Sahne salonun ortasına kurulmuş meydan sahnenin dört bir yanında seyirciler olarak yerimizi aldık. Böylece sadece sahnedekiler değil seyircilerde seyirlik bir durumda. 

Bu mekânda Kadıköylüler ne filmler izlemiştir. Sonra video cihazları ve ardından dijitalleşmeyle bu salon kentin sahipsiz çocukları misal unutulmuş, ilgilisi için 90’ların parlayan bu mekânı hüzünlü bir hikâyeye dönüşmüştü. Sonra hayata ve insana inancımızı kuvvetlendiren insanlardan bir grup bu mekânı alıp 2013’te bir kültür merkezine dönüştürdü. Teşekkürler hayat kuran bu insanlara, bir kere daha! 

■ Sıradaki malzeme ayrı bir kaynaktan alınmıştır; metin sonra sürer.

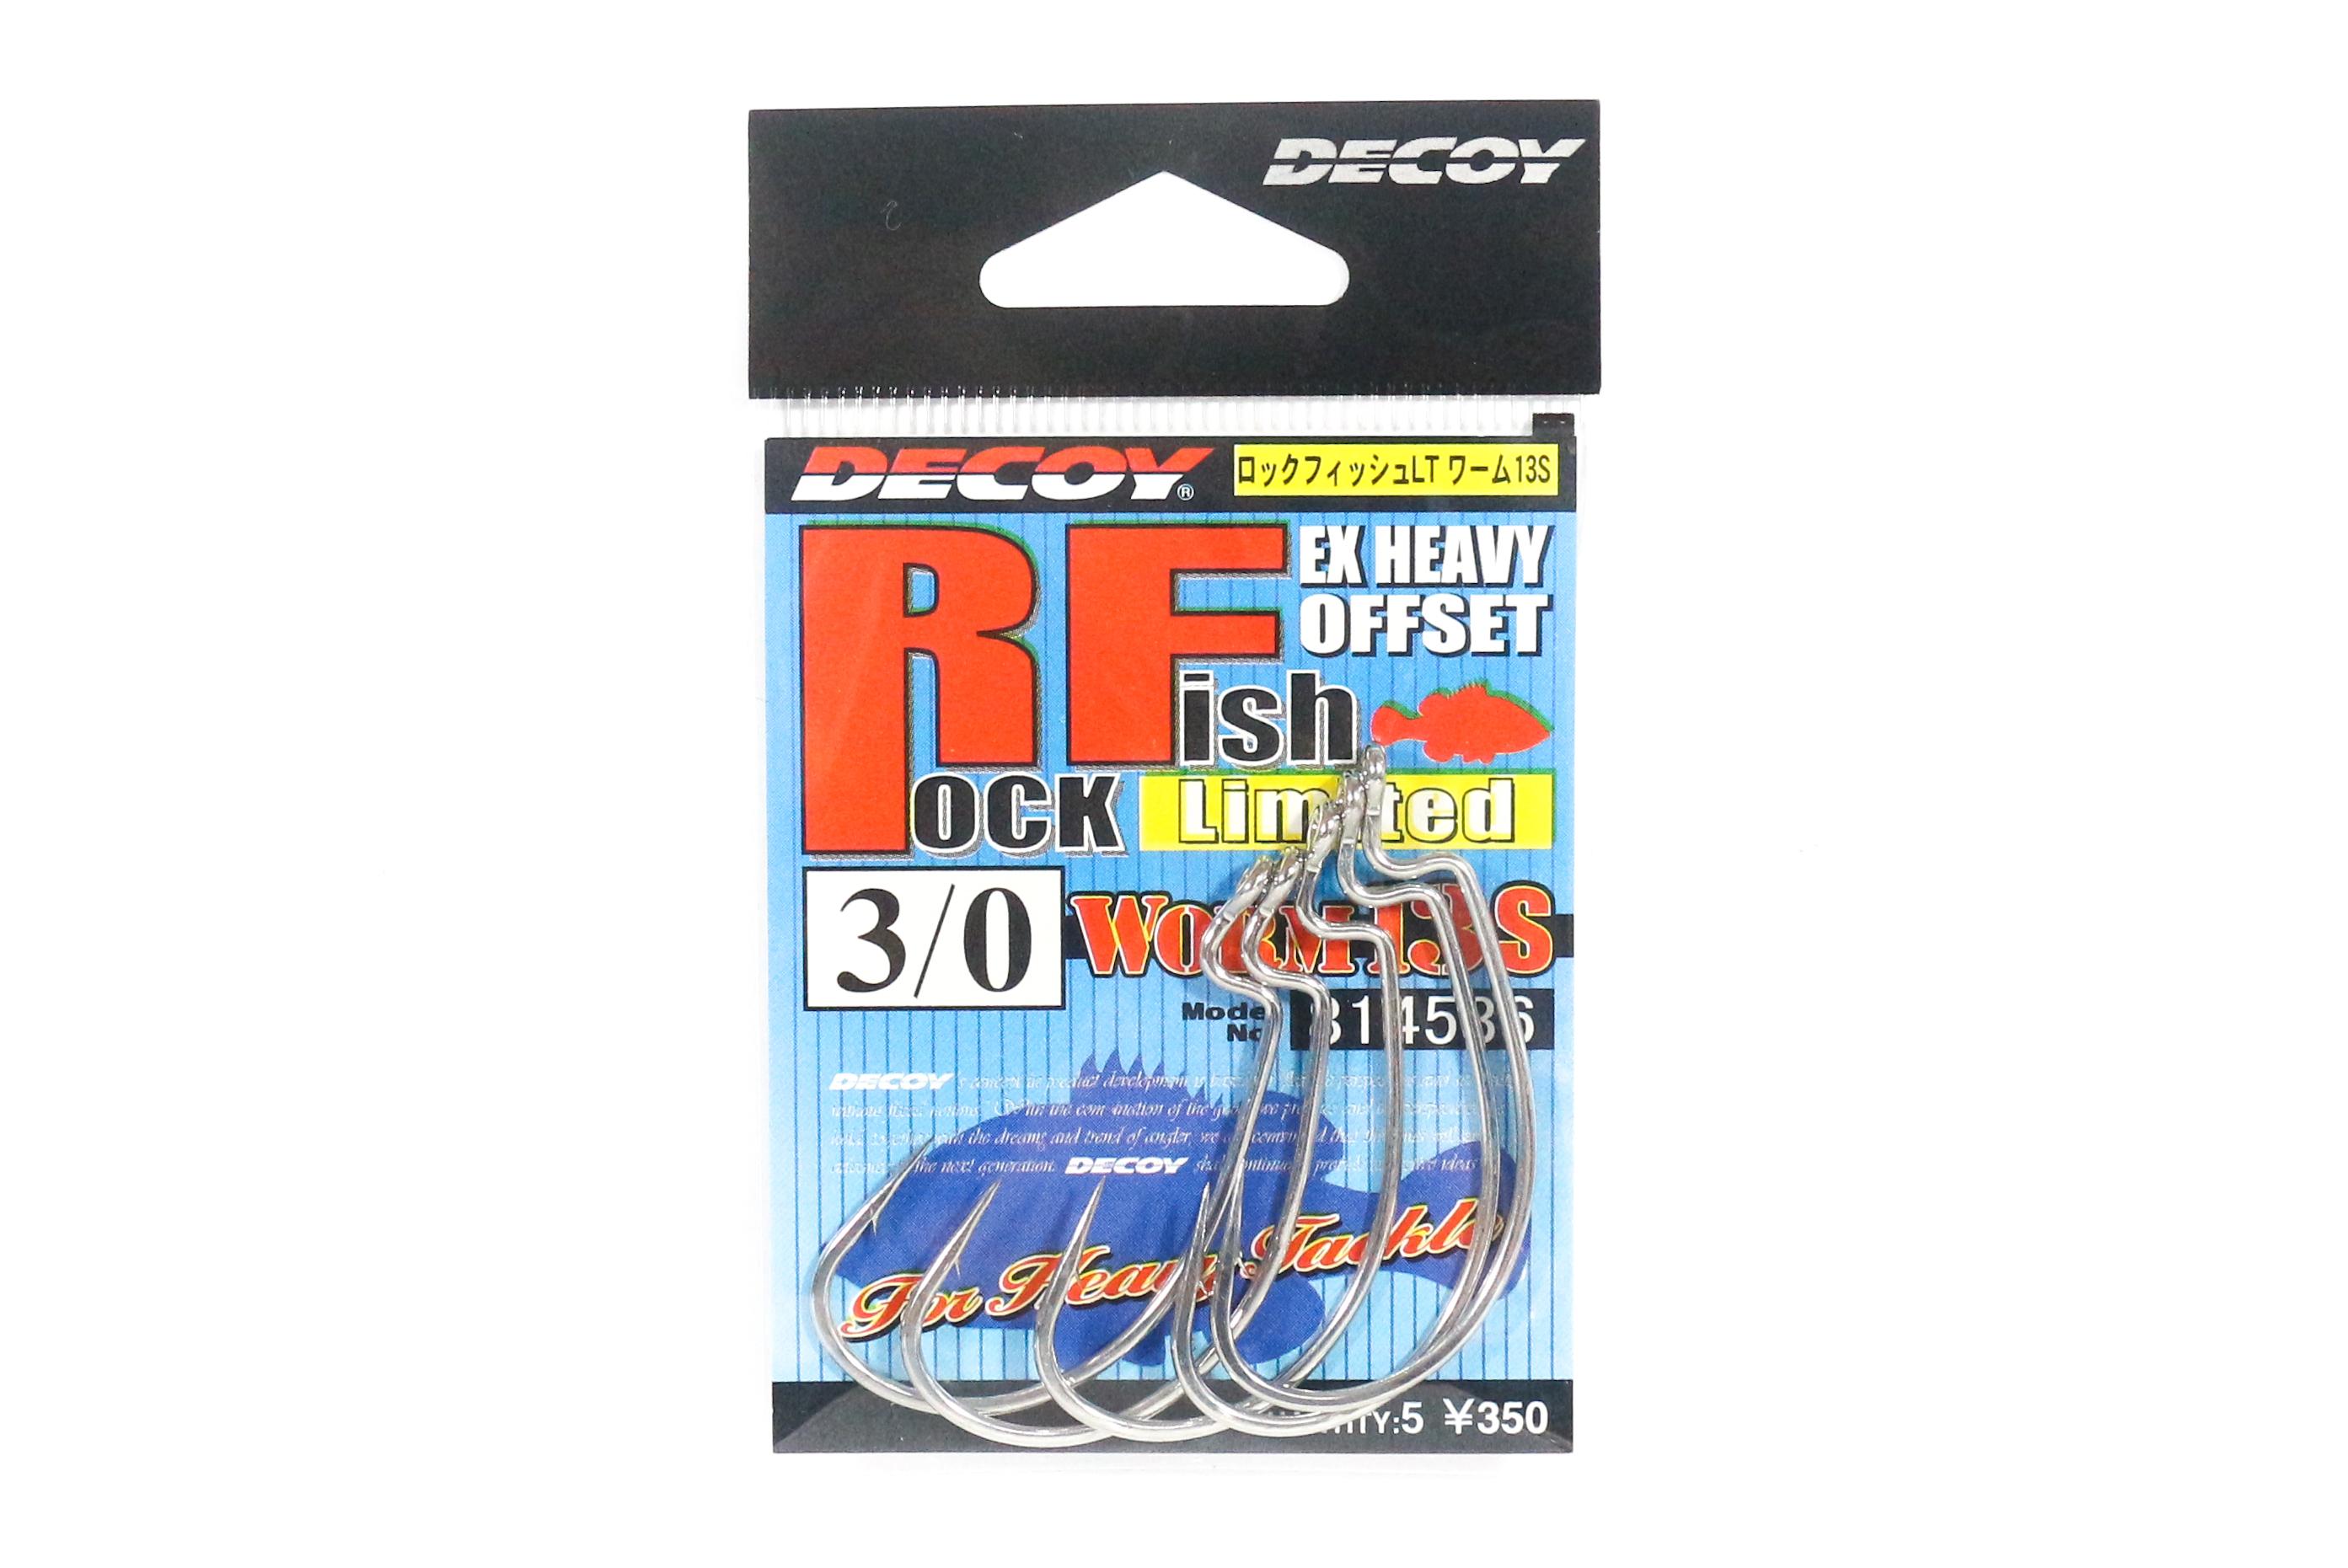 Decoy Worm 13S Rock Fish Ltd Extra Heavy Duty Worm Hooks Size 3/0 (4536)

Geçelim…  Oyun fakülte yıllarından beri arkadaş olan bir grubun, bir akşam yemeğinde buluşması ve yüzleşmelerini işliyor. Oyunun açılması, derinleşmesi biraz “laf lafı açar, laf kutuyu açar” deyişine benzer bir yol izliyor. Alkol, müziklerin ve yemeğin de desteğiyle bir akşam içinde geçen oyunda katalizör rolü üstlenmiş. Ve evet bir silah var sahnede!  Ama artık silahlar kuru sıkı. Bu ateş etmeyen silah durumu oyunun tümü ile uyum içinde… Sahne bugünün dünyasında sinizme savrulmuş insanlarla dolu ve oyun boyunca aslında laflardan başka… Yeni bir duruma yol açacak hareket yok gibi. 

Yıllar Sonra #tbt hakkında yazılmış olan eleştirilerin genel olarak oldukça olumlu olduğunu, özellikle oyunculukların ve rejinin pek beğenildiğini gördüm. Bu görüşlere katılmamak mümkün değil. Oyunu hiç sıkılmadan ve zevkle izledik. 2005 Yılında yazılmış olan oyunun Güney Ertekin ve Emrah Eren tarafından tam da bugünün dünyası, insanı ile titreşmesi muradıyla güncelleştirildiği anlaşılıyor. Oyun; kişisel gelişim, nükleer tartışmaları, iktidara -klişe- ironik eleştiriler vb. “güncellikler ön oyunu” ile başlıyor. Bu güncel, bugünün beyaz yakalı çalışanlarının dünyasına ait sohbetler başlangıçtaki yoğunlukta olmasa da oyun boyu ara ara karşımıza çıkıyor. 

Sponsorlu
Yillar Sonra Tbt Afis Tekperde.com

Oyunda kişisel gelişim ile ilgili söylenenler hele Ceyda’nın verdiği örnekle birlikte oldukça düşündürücü hale geliyor. Belki de plazalarda rekabet potalarının içinde debelenen beyaz yakalıların çoğu bu kişisel gelişim hikayelerine inanmıyorlar. Zaman yönetmeler, stresle baş etmeler… Bütün nefes alıp beş-on saniye tutmalar, belki de sadece insanların işlerini korumak için dayandıkları/katlandıkları plaza ritüelleridir.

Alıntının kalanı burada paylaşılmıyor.